Assume a number of dictionaries of varying lengths:

dict_1 = {'A':4, 'C':5}
dict_2 = {'A':1, 'B':2, 'C':3}
dict_3 = {'B':6}

这些词典的共同点是它们都共享此列表上的键:

The common denominator for these dictionaries is that they all share the keys on this list:

my_keys= ['A','B','C']

但是有些缺少一个或多个键.

but some are missing one or more of the keys.

目的是创建一个列表列表，其中每个列表元素都是每个字典中所有现有值的列表，或者"None"(不存在特定键).它们的键本身在所有词典中都是相同的，可以忽略.

The intent is to create a list of lists, where each list element is a list of all the existing values in each dictionary, or 'None' where a specific key isn't present. They keys themselves, being identical across all dictionaries, can be disregarded.

因此，在这种情况下，预期输出为:

So in this case, the expected output is:

    final_list = 
    [[4,"None",5],
    [1,2,3],
    ["None",6,"None"]]

我不确定该如何处理.您可以从 my_keys 中的每个元素开始，然后针对每个字典中的每个键检查其是否存在；如果相关字典具有键，则将该键的值附加到临时列表中；否则，将附加无".一旦所有 my_keys 都经过迭代，临时列表将追加到最终列表中，并且循环将再次开始.
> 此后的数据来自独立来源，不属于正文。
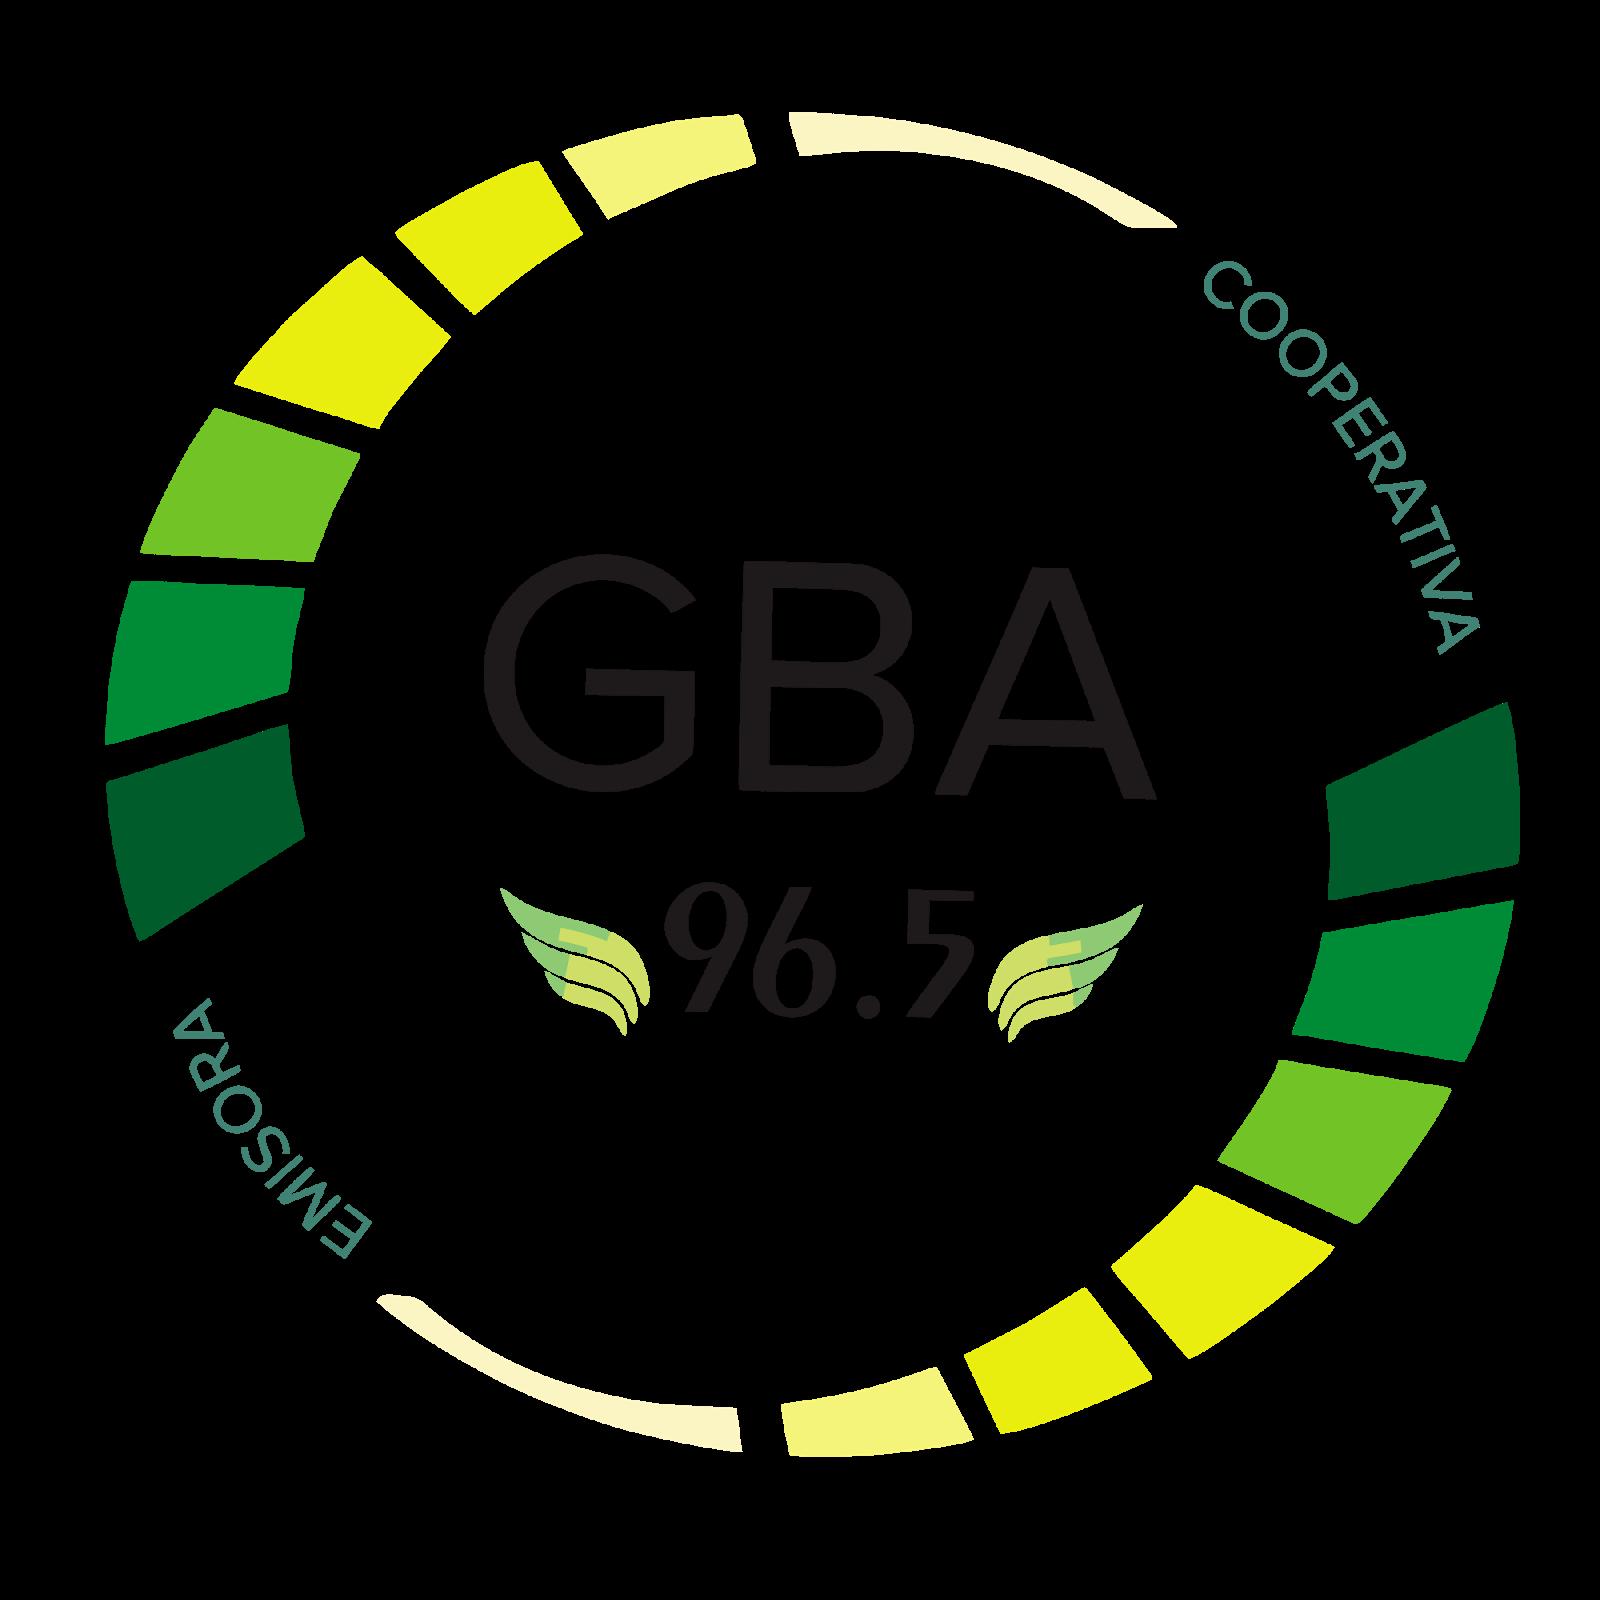 Radio GBA 96.5

I'm not sure exactly how to approach it. You could start with each element in my_keys, and check its presence against each key in each dictionary; if the relevant dict has the key, the value of that key is appended to a temporary list; otherwise, 'None' is appended. Once the my_keys are all iterated over, the temp list is appended to a final list and the cycle start again.
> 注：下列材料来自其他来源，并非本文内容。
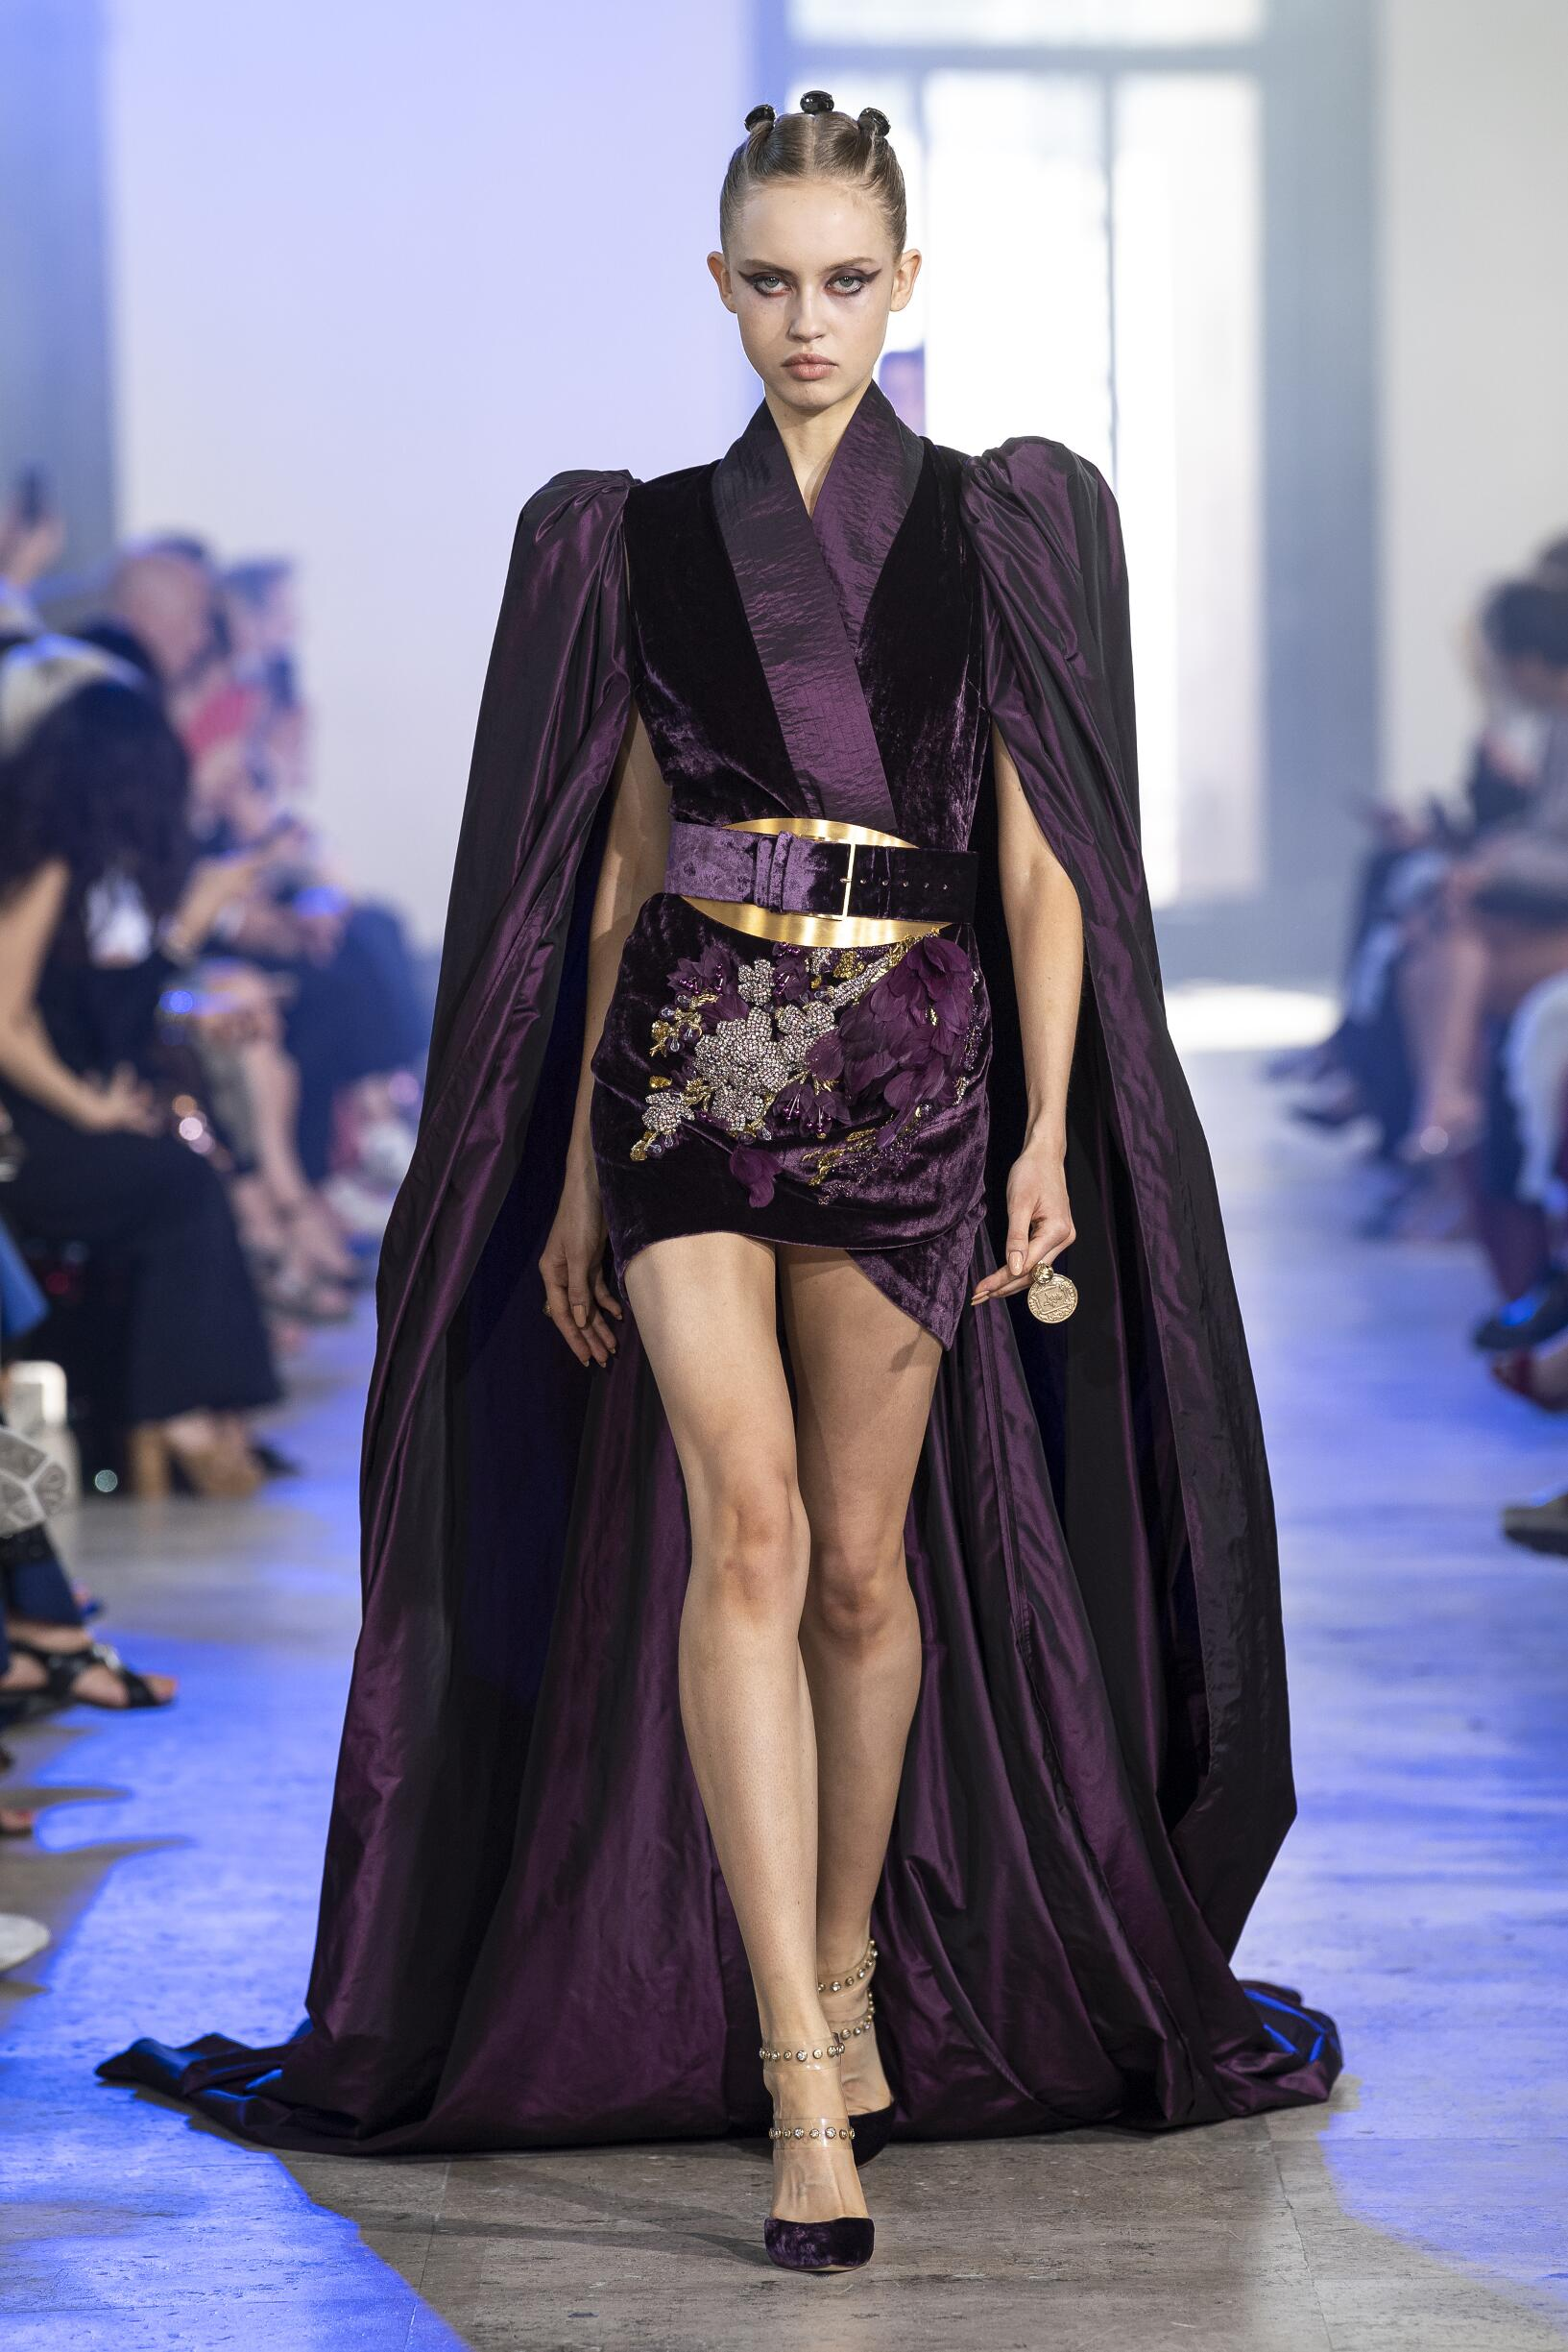 2019-20 Catwalk Elie Saab Haute Couture Winter

至少对我来说，说起来容易做起来难.我尝试了很多事情(我不会费心去发布，因为它们甚至还差得很远).所以我想知道是否有一种优雅的方法来解决这个问题.

To me at least, it's easier said than done. I tried quite a few things (which I won't bother to post because they didn't get even close). So I was wondering if there is an elegant approach to the problem.

推荐答案

dict.get 可以返回默认值(例如， None ).如果我们以您的示例为例:

dict.get can return a default value (for example, None). If we take your examples:

dict_1 = {'A':4, 'C':5}
dict_2 = {'A':1, 'B':2, 'C':3}
dict_3 = {'B':6}
my_keys= ['A','B','C']

然后 dict_1.get('B'，None)是确保我们获得默认 None 值的方法.我们可以以相同的方式遍历所有键:

Then dict_1.get('B', None) is the way to make sure we get a default None value. We can loop across all keys the same way:

def dict_to_list(d, keys):
    return [d.get(key, None) for key in keys]

示例:

>>> dict_to_list(dict_1, my_keys)
[4, None, 5]
>>> dict_to_list(dict_2, my_keys)
[1, 2, 3]
>>> dict_to_list(dict_3, my_keys)
[None, 6, None]

无是默认参数，即使未明确指定，因此 dict_1.get('B')与 dict_1一样有效.get('B'，None)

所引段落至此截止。